__Data extract__:
--------------------------------------------------

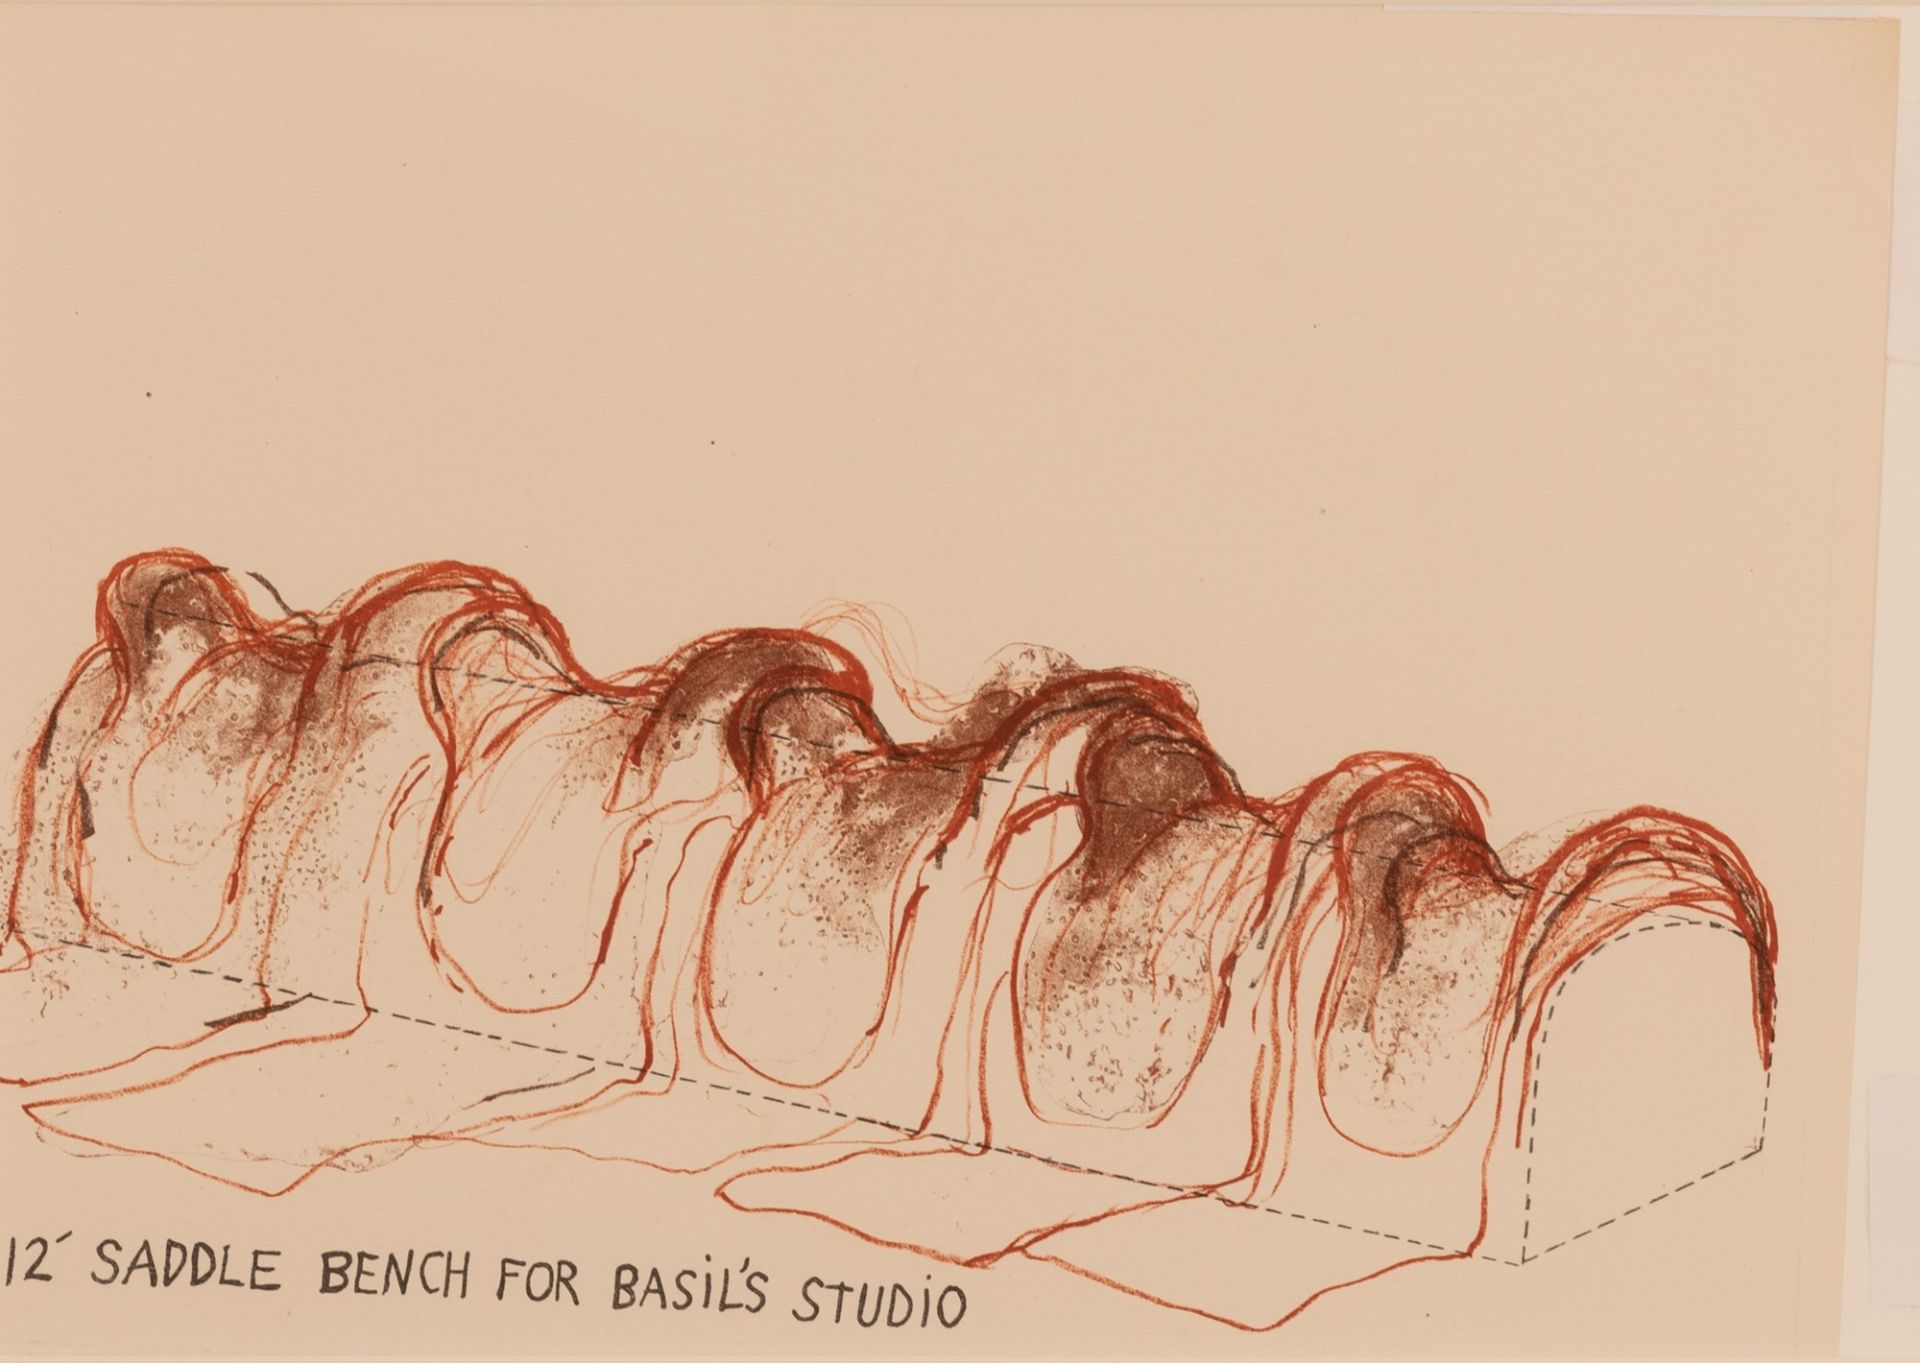 Jim Dine 
(Cincinnati, 1935 - ) 
12' Saddle Bench for Basil's Studio (Saddle Bench)

--------------------------------------------------

__What you have to do__: Write the data out again word for word; leave the pictures behind.

__Task solution__:
 Jim Dine 
(Cincinnati, 1935 - ) 
12' Saddle Bench for Basil's Studio (Saddle Bench)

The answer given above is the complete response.